A population pharmacokinetic and pharmacokinetic‐pharmacodynamic analysis of vupanorsen from phase I and phase II studies

• Published in: CPT: pharmacometrics and systems pharmacology Vol. 12; no. 7; pp. 988 - 1000
• Main Authors: Ahn, Jae Eun, Terra, Steven G., Liu, Jing
• Format: Journal Article
• Language: English
• Published: United States John Wiley & Sons, Inc 01.07.2023; John Wiley and Sons Inc; Wiley
• Subjects: Angiopoietin-Like Protein 3; Apolipoproteins; Cholesterol; Diabetes; Drug dosages; Dyslipidemias - drug therapy; Fatty liver; Female; High density lipoprotein; Humans; Hydroxymethylglutaryl-CoA Reductase Inhibitors - therapeutic use; Lipids; Lipoproteins; Liver diseases; Male; Metabolic disorders; Missing data; Oligonucleotides - therapeutic use; Oligonucleotides, Antisense; Pharmacodynamics; Pharmacokinetics; Statins
• ISSN: 2163-8306; 2163-8306
• DOI: 10.1002/psp4.12969

Vupanorsen (PF‐07285557) is a second‐generation ligand‐conjugated 2′O‐methoxyethyl modified antisense oligonucleotide designed to target angiopoietin‐like 3 (ANGPTL3) mRNA expressed by the liver, shown to reduce lipids and apolipoproteins in subjects with dyslipidemia. Using pooled data from two phase I studies of participants with elevated triglycerides (Western: n = 48 and Japanese: n = 12), and two phase II studies of patients with hypertriglyceridemia, diabetes, and nonalcoholic fatty liver disease (n = 105), and statin‐treated patients with dyslipidemia (n = 286), we developed population pharmacokinetic (PK) and PK/pharmacodynamic (PK/PD) models.
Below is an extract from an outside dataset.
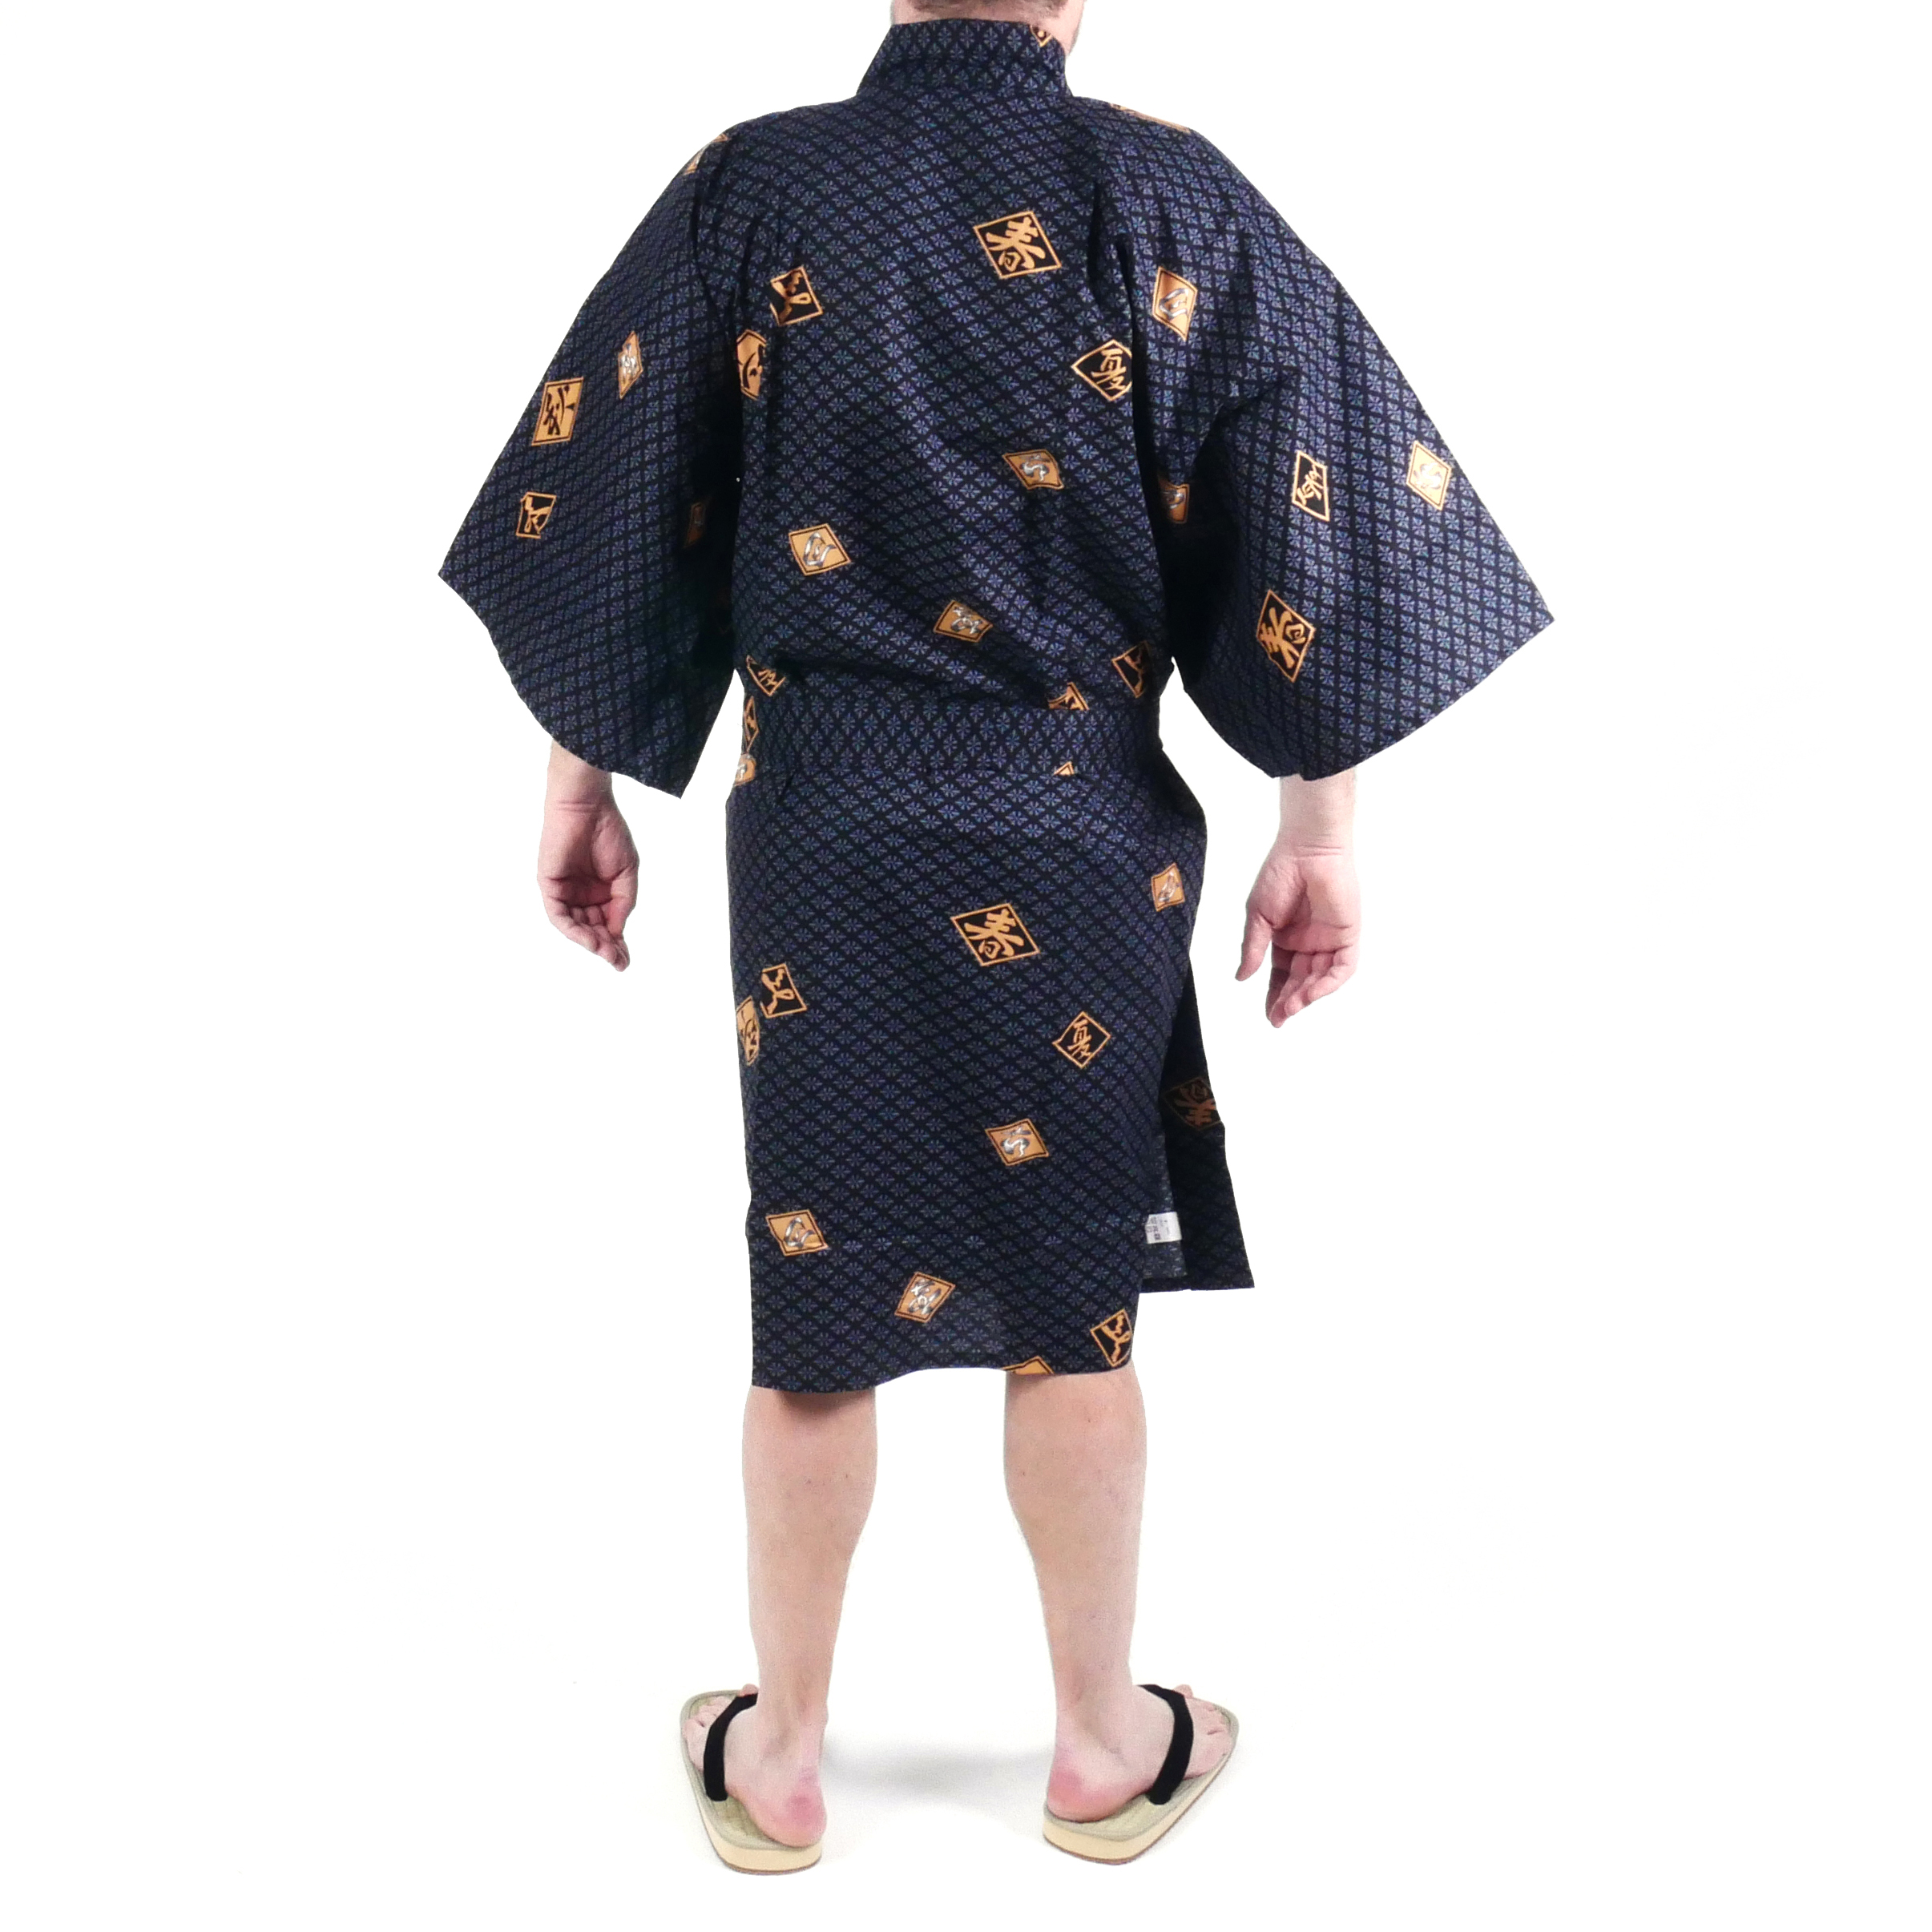 https://wakagi.fr/14041/kimono-happi-tradizionale-giapponese-in-cotone-nero-con-motivi-a-rombi-e-kanji-per-uomo.jpg

Efficacy target values were set a priori to −75%, −60%, and −35% for ANGPTL3, triglyceride (TG), and non‐high‐density lipoprotein‐cholesterol (non‐HDL‐C), respectively. Covariates evaluated via a full model approach included baseline body weight, age, estimated glomerular filtration rate (eGFR), anti‐drug antibody (ADA) status, sex, and race. Vupanorsen population PK was well‐characterized by a two‐compartment model with first‐order absorption and elimination. Apparent clearance (CL/F) for ADA‐positive, female, and Asian participants was estimated to be about 62% (relative standard error 12%), 18% (9%), and 30% (20%) lower than ADA‐negative, male, and non‐Asian participants, respectively. The associations between CL/F and Black race, age, and eGFR were negligible. The developed population PK/PD model was robust to predict the dose–response relationships. The model predicted that ANGPTL3 target reduction of 75% can be sufficiently achieved with a 320‐mg monthly dose of vupanorsen, but target values for TG and non‐HDL‐C were not expected to be achieved at doses up to 320 mg monthly in patients with dyslipidemia.